Два часа спустя философ поглядел в зеркало и сам себя не узнал. Темные вьющиеся волосы его были напомажены и убраны — волосок к волоску. Сорочка сверкала белизной (он даже не был уверен, что это его сорочка, а не одна из старых княжеских). Фрак — будто его только что принесли от портного и лишь успели снять бумажки, которыми обыкновенно портные оборачивают пуговицы. Чулки изумительной свежести, панталоны неузнаваемы, словно не на них сегодня был опрокинут соусник.
К тому времени вернулась Варвара Васильевна, оценила старания своих девок и дала Маликульмульку последние наставления, как вести себя с графиней: даже если заврется вконец, виду не подавать, все ее враки стараться запомнить, а также выяснить, где сия дама поселилась.
Тараторка меж тем все не появлялась, и ясно было — вот-вот княгиня узнает, что воспитанница пропала. Няня Кузьминишна стояла в уголке ни жива ни мертва. Сейчас она уже явно корила себя за то, что не подняла переполох.

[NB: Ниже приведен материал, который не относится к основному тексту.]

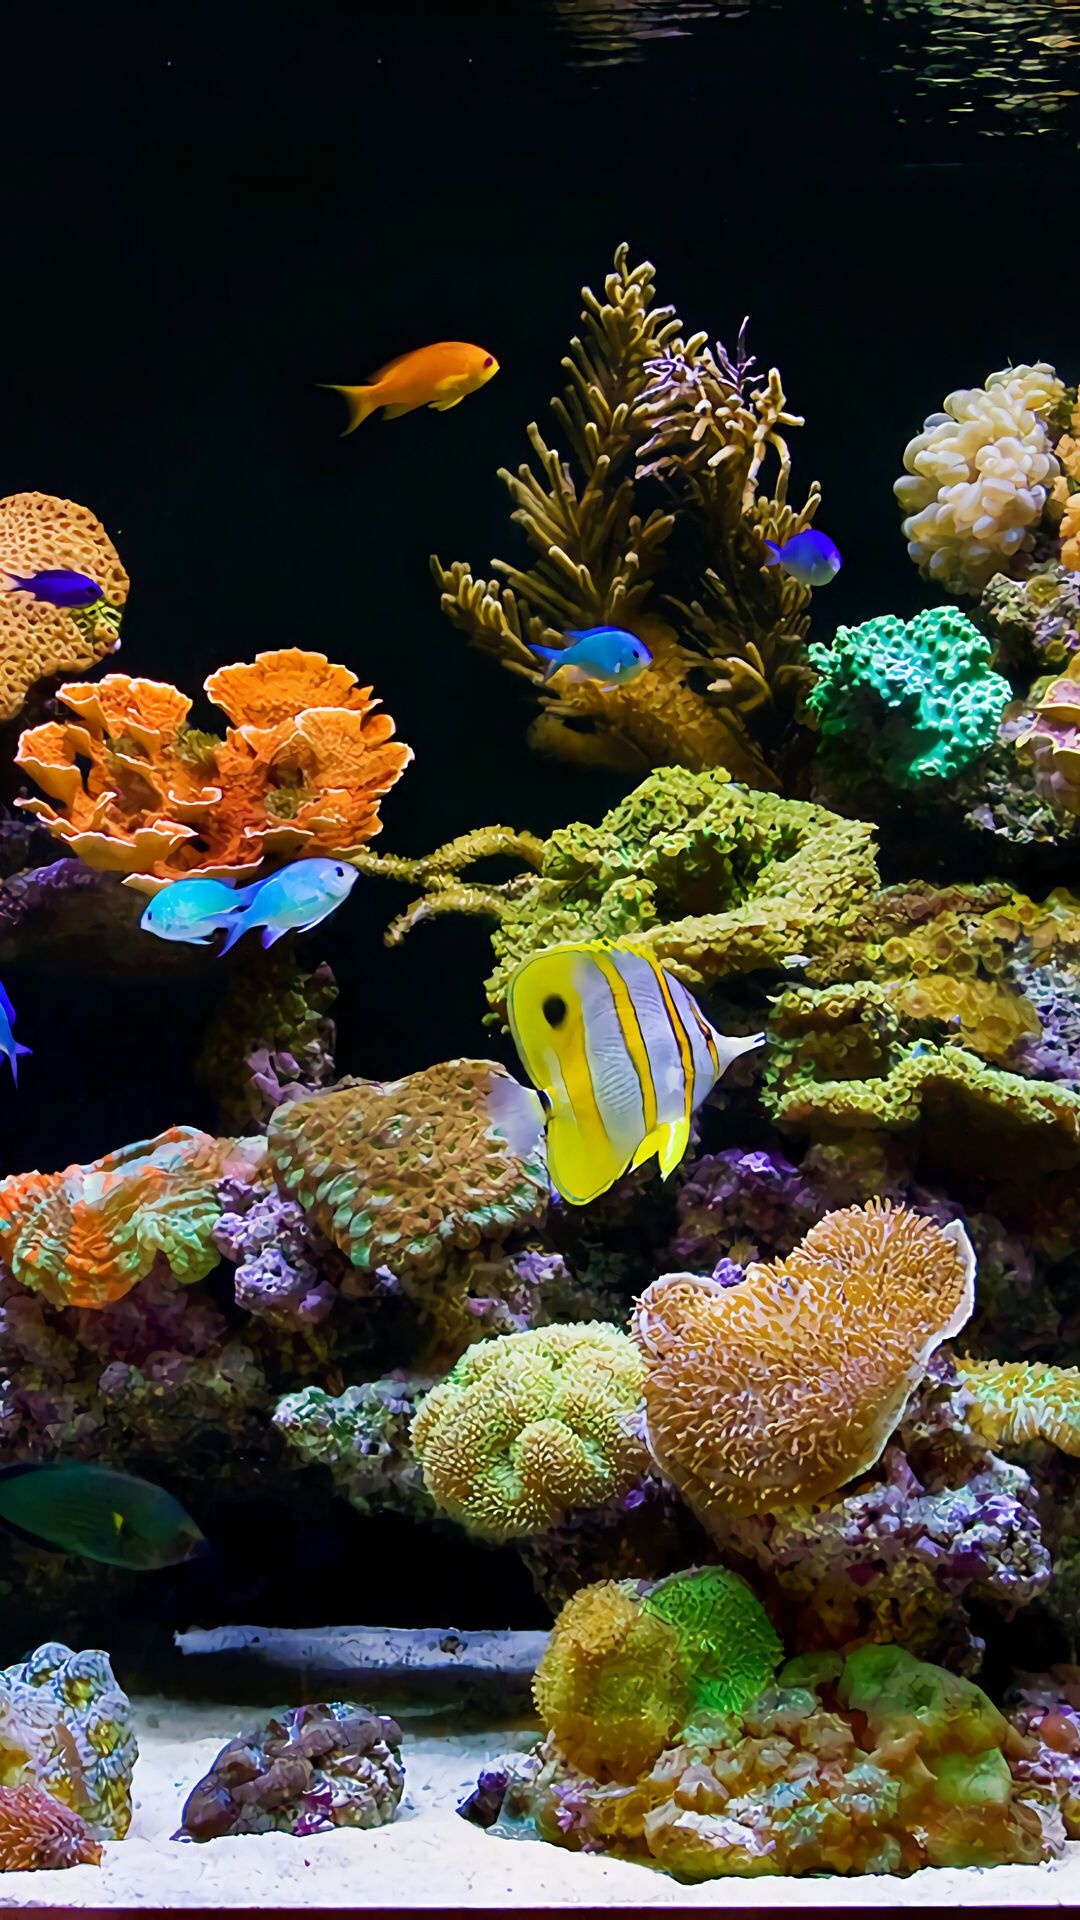 Aquarium, Virtual pin page, Aquatic inspiration, Share aquarium images, Captivating underwater scenes, 1080x1920 Full HD Handy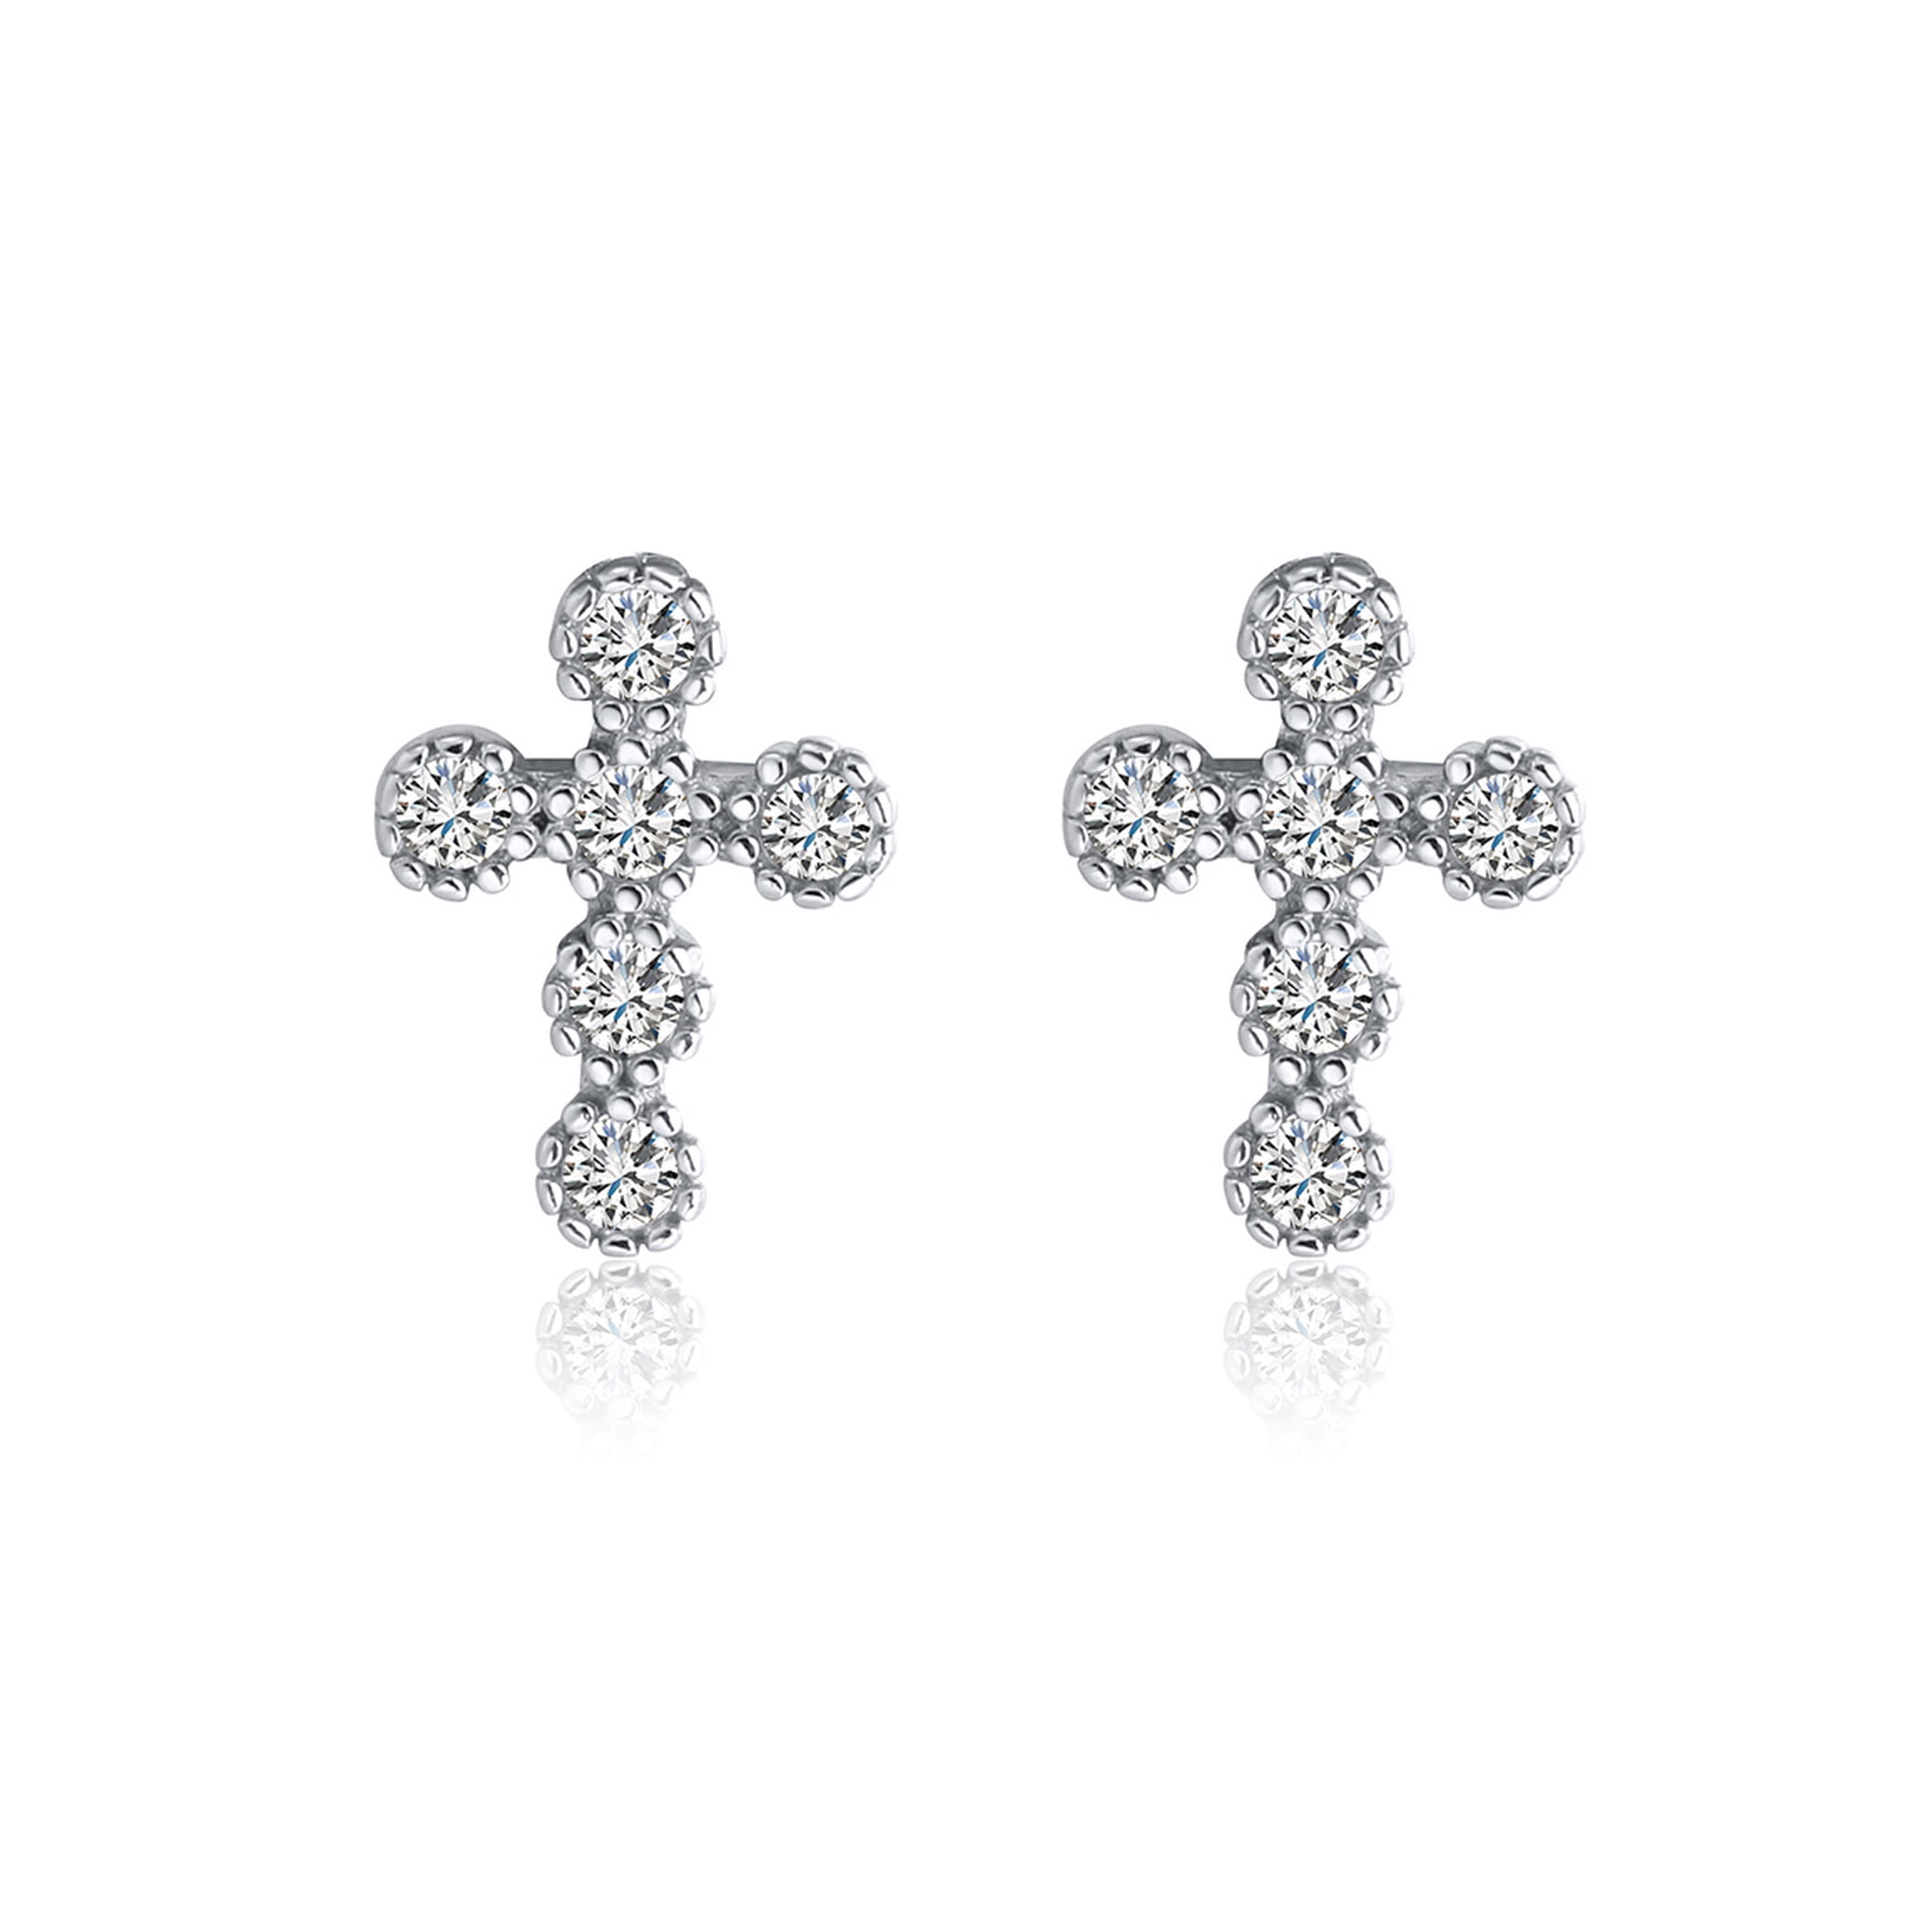 Girl's 925 Sterling Silver Small Cubic Zirconia Cross Stud Earrings

— Скрипка! — вспомнил вдруг Маликульмульк. — Все думал — надо взять, надо взять! И оставил наверху!
— Беги скорее, ворона! — велела княгиня. — Степка! Ступай, пошли Гришку — чтоб не распрягали! Иван Андреич в моем экипаже поедет. И ждать его там!
— Благодарствую, ваше сиятельство.
— Тебя хоть покормили?
— Да, ваше сиятельство.
Подозревая, что в гостях у фрау де Витте разве что мороженое подадут, Косолапый Жанно не поленился — пока девки хлопотали над его гардеробом, сам сходил на поварню и стребовал остатков обеда.
— Ступай за скрипкой.
Поклонившись, Маликульмульк вышел из малой гостиной. Чтобы попасть в башню Святого духа, он должен был спуститься вниз, пройти через анфиладу, выйти в сени со сводчатым потолком и оттуда уже начать восхождение, которое сперва с непривычки было для него головокружительным.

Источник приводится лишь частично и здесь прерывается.